OSU and UO are PAC 12 schools, so you can go to their site and subscribe to live stream. 






						Pac-12
					

Pac-12 Networks and the Pac-12 Conference, a leader in collegiate athletics that is made up of 12 of the most prestigious universities in the world.




					pac-12.com
				






MamaBear5 said:


> Hi all... wondering if the parents here can help out. My kiddo has her list of schools and wants to watch them play this year but not everyone is going to see a pitch in so cal and those that do often conflict with training.
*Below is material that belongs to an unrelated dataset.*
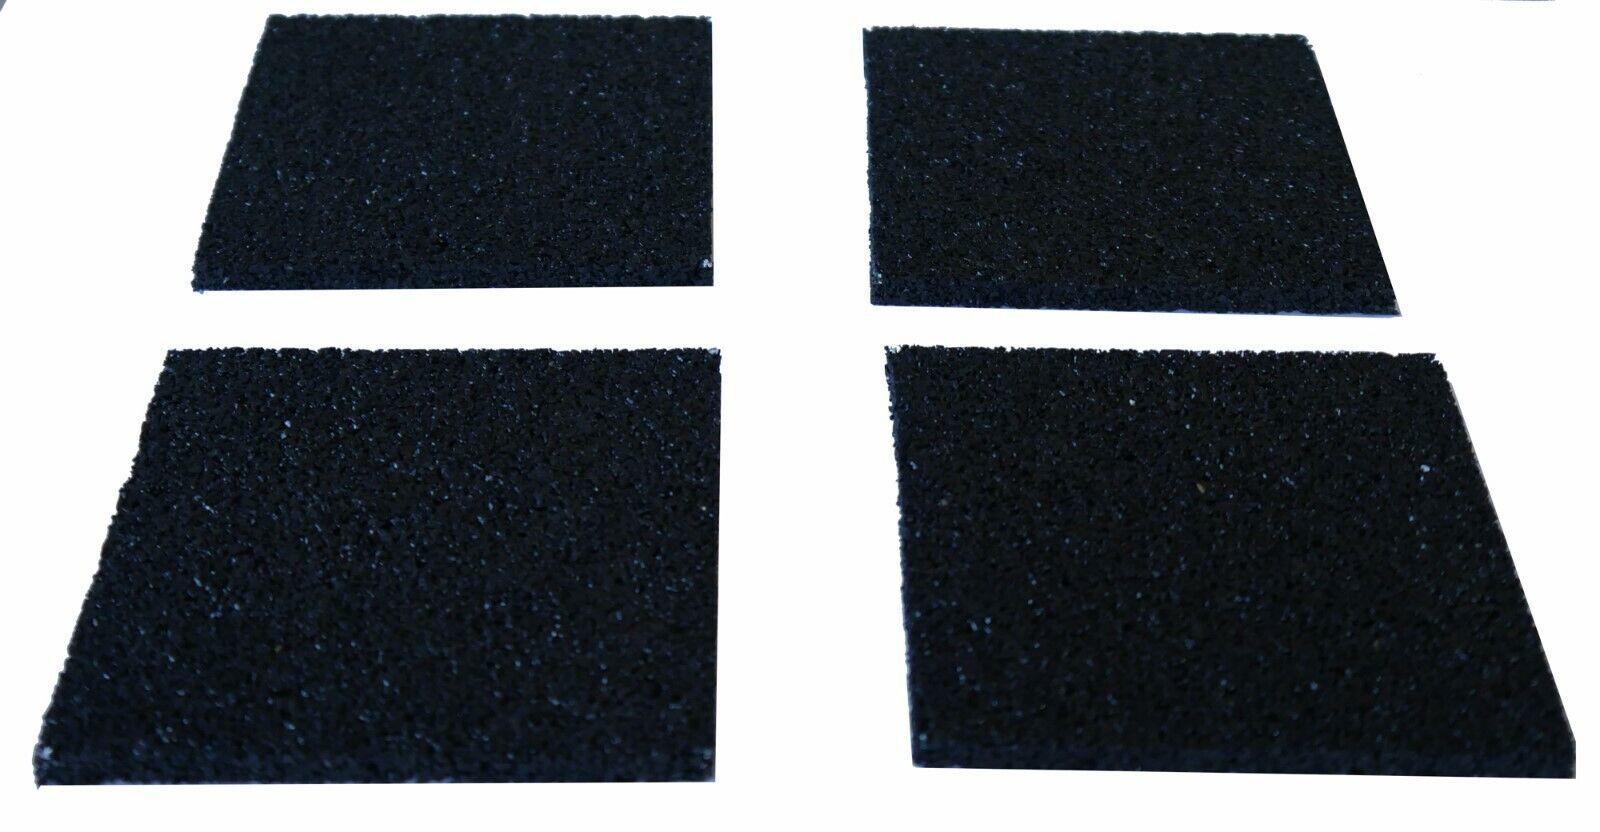 Antivibrationsmatte 4 St. Pads 10x10x1cm 2.Wahl Antirutschmatte Waschmaschine

Does anyone know where the following schools live stream their games:
> 
> UC Davis
> UC Santa Cruz
> ...


----------



## espola (Aug 17, 2021)

espola said:


> UC Davis has streamed mens' home games for years, accessible through links on their schedule page.  Usually, the game broadcasts are minimal, just a single live camera shot with stadium sound and no announcer.  When they play away, it depends on what the other team offers.  The best are at UCSB, where they have multiple cameras, replays, and at least two announcers, one who has been doing Gaucho games for years.


One just started.


----------



## MamaBear5 (Aug 17, 2021)

espola said:


> One just started.


Thanks!! I guess I should have specified women's soccer.


----------



## espola (Aug 17, 2021)

MamaBear5 said:


> Thanks!! I guess I should have specified women's soccer.


I assume women's soccer does the same thing.  Watching a bit of this game gives you a flavor of the streaming.

Their schedule --






						2021 Women's Soccer Schedule - UC Davis Athletics
					

The official 2021 Women's Soccer schedule for the University of California, Davis Aggies




					ucdavisaggies.com


----------



## espola (Sep 2, 2021)

espola said:


> I assume women's soccer does the same thing.  Watching a bit of this game gives you a flavor of the streaming.
> 
> Their schedule --
> 
> ...


I stand corrected.  The pre-season exhibition games were free streaming, but now that they are playing for real we need to pay for a subscription.


----------



## MamaBear5 (Sep 2, 2021)

And there are multiple subscriptions depending on the league. We went ahead and bought streaming for the BIG ten for the season.


----------



## From the Spot (Sep 15, 2021)

MamaBear5 said:


> We went ahead and bought streaming for the BIG ten for the season.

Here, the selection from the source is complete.